Nichols and May chronology
| An Evening with Mike Nichols and Elaine May (1960) | Mike Nichols & Elaine May Examine Doctors (1961) | In Retrospect (1962) |

= Mike Nichols & Elaine May Examine Doctors =

Mike Nichols & Elaine May Examine Doctors is a comedy album by Nichols and May.

The ten episodes heard here were originally aired on NBC Radio's Monitor program. The final track is an outtake of Nichols and May improvising.

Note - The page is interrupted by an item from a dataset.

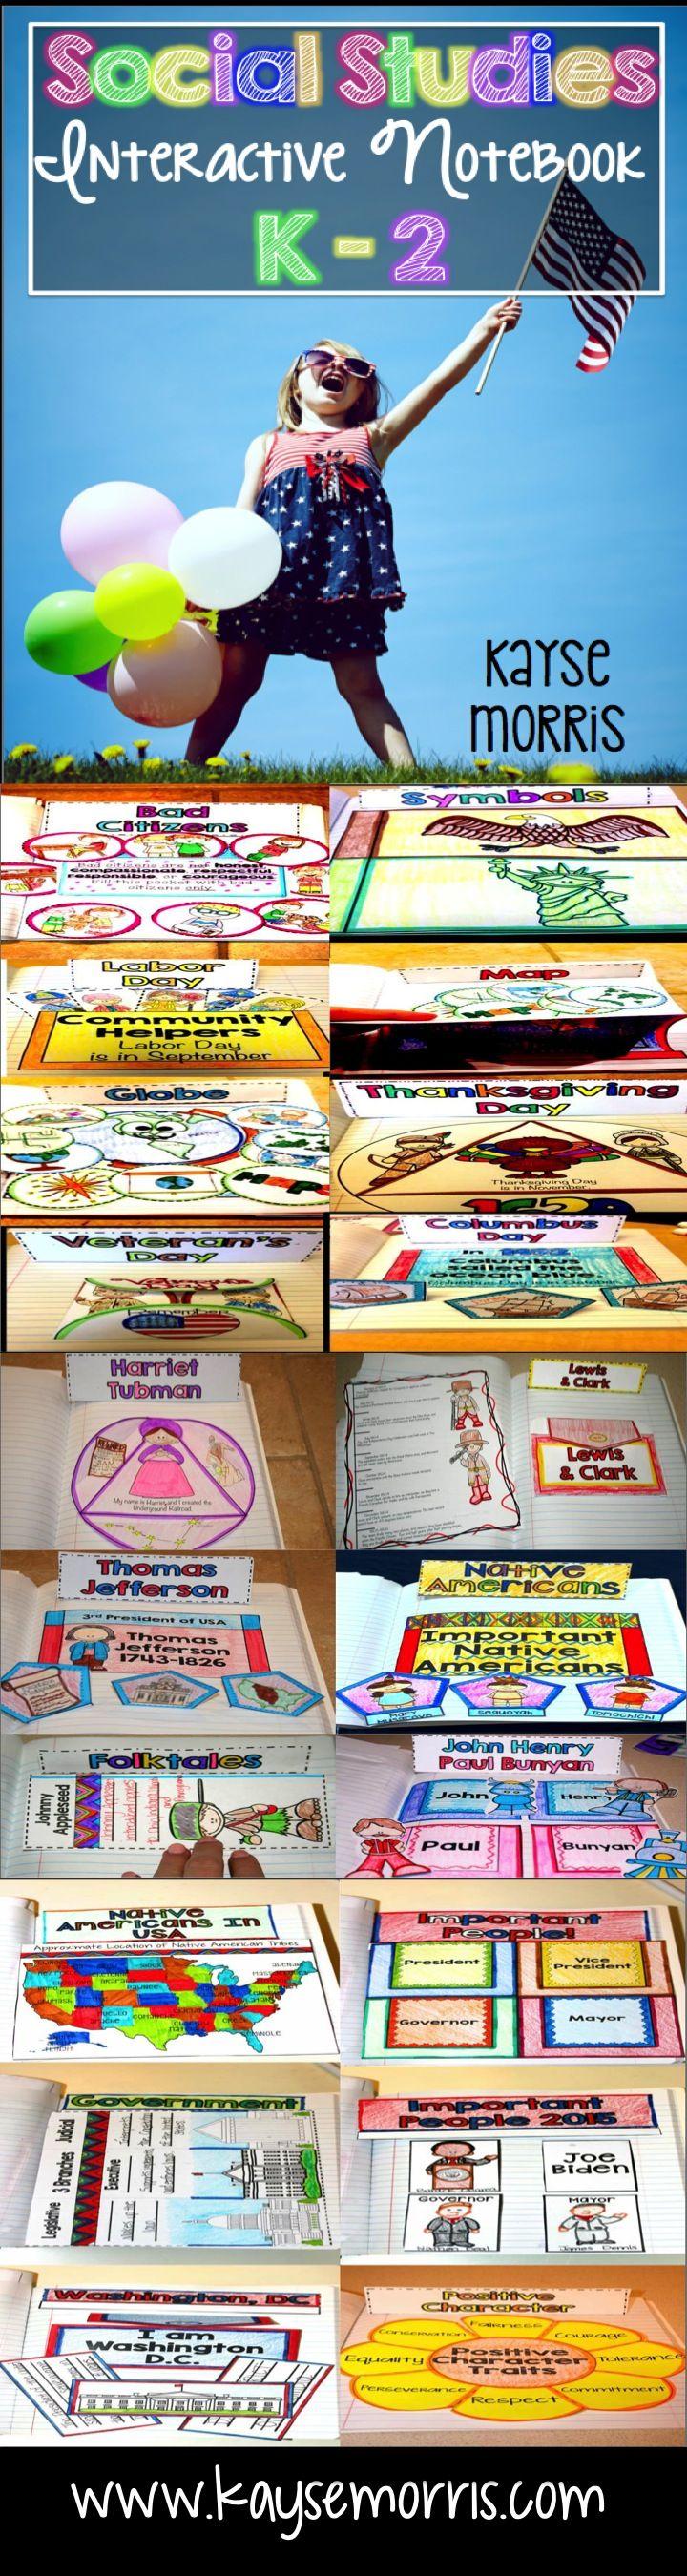 Social Studies Interactive Notebook Kindergarten - 2nd Grade.  www.kaysemorris.com  https://www.teacherspayteachers.com/Product/Social-Studies-Interactive-Notebook-1962505

The track "The Von Brauns at Home", featuring German characters pretending to be Americans, was in the original release but not included in subsequent pressings.

==Track listing==
1. A Little More Gauze - 3:29
2. Interrupted Hour - 4:35
3. The Von Brauns at Home* - 1:05
4. Merry Christmas, Doctor - 3:38
5. Morning Rounds - 1:57
6. Transference - 2:00
7. Calling Dr. Marx - 2:39
8. Thank You Very Much - 2:34
9. Out of Africa - 2:59
10. Bedside Manner - 1:11
11. Physical - 5:06
12. Nichols and May at Work - 4:29

==Influence==
In an interview with Pitchfork Magazine, standup comedian John Mulaney described Mike Nichols & Elaine May Examine Doctors (1961) as one of his Favorite Comedy Albums of all time. Mulaney stated, "I got this album for Christmas when I was in junior high. The last track, 'Nichols and May at Work,' is an outtake from recording the album, they were just improvising dialog in a studio. They’re trying to do a piece where a son goes to his mother and says that he wants to become a registered nurse. It’s something you just have to experience, because two people that funny laughing that hard is really, really, really funny. I think it might be the happiest thing ever recorded."

In 2014, John Mulaney tweeted in remembrance when Mike Nichols died: "The last track on Nichols and May Examine Doctors, 'Nichols and May at Work.' The best comedy moment on tape. RIP Mike Nichols."